BYU engineering students took first place in the annual "Mini-Baja West" competition over the weekend, beating more than 100 teams from the United States, Mexico, Korea and Poland.

Sponsored by the Society of Automotive Engineers, the competition brings budding automotive engineers together to subject their designs to strict judging standards and their vehicles to grueling endurance and performance tests.

BYU mechanical engineering professor Robert Todd is this year's Mini-Baja West chief organizer.

"The Society of Automotive Engineers' Mini-Baja Competition is probably the most prestigious and realistic collegiate engineering design competition of its kind in the world," said Todd, who spent 10 years as a manager and director at GM and Michelin and 20 years in academics. "Engineering students get to use all of their analysis, design, manufacturing, economic, people and team skills in developing an exciting product and then test the application of their skills in a very realistic way."

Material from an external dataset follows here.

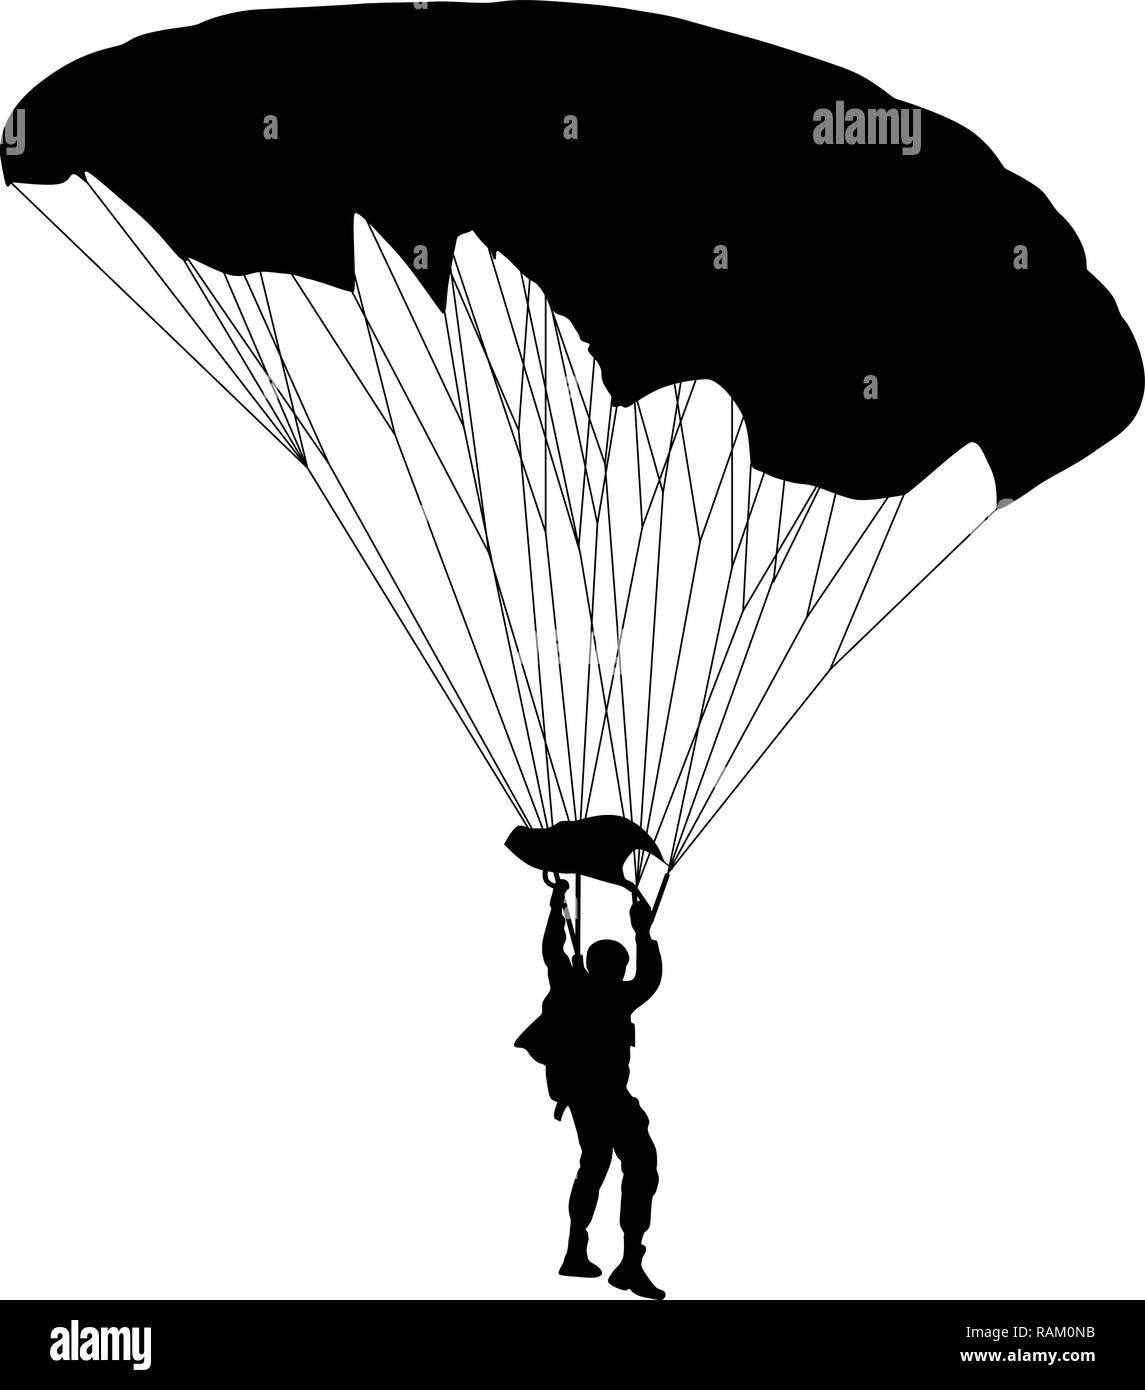 Fallschirmspringer silhouette Vektor Stock Vektor

"BYU has always done well in this competition, finishing in the top three in four of the five years we have participated," said Michael J. Whiting, a BYU graduate mechanical engineering student and assistant organizer of the event. "This indicates the ability of the engineering students here at BYU, and SAE wants to bring more students into this type of environment."

The student engineering teams are charged with producing a single-seat, off-road vehicle prototype for evaluation and marketing. They strive to build a vehicle that negotiates rough terrain, is safe, fun to drive, easily maintained and easily transported. The engineers' target audience is a weekend nonprofessional off-road enthusiast who is looking for a vehicle under $3,000.

All the cars in the competition use a 10-horsepower Briggs & Stratton engine so the design of the cars' drive trains, frames and suspension systems is what sets teams' cars apart. One BYU team decided to design and install a reverse gear on its ATV, while the other decided to make a lighter and perhaps sturdier vehicle by leaving out a reverse gear.

In addition to earning points based on performance, the teams are judged on the ingenuity and practicality of their designs, their attention to cost and manufacturing requirements, and their ability to "sell" their design to judges.

Additional sponsors of Mini-Baja West 2003 are Honda, Polaris, Raytheon, Briggs & Stratton and MSC Software.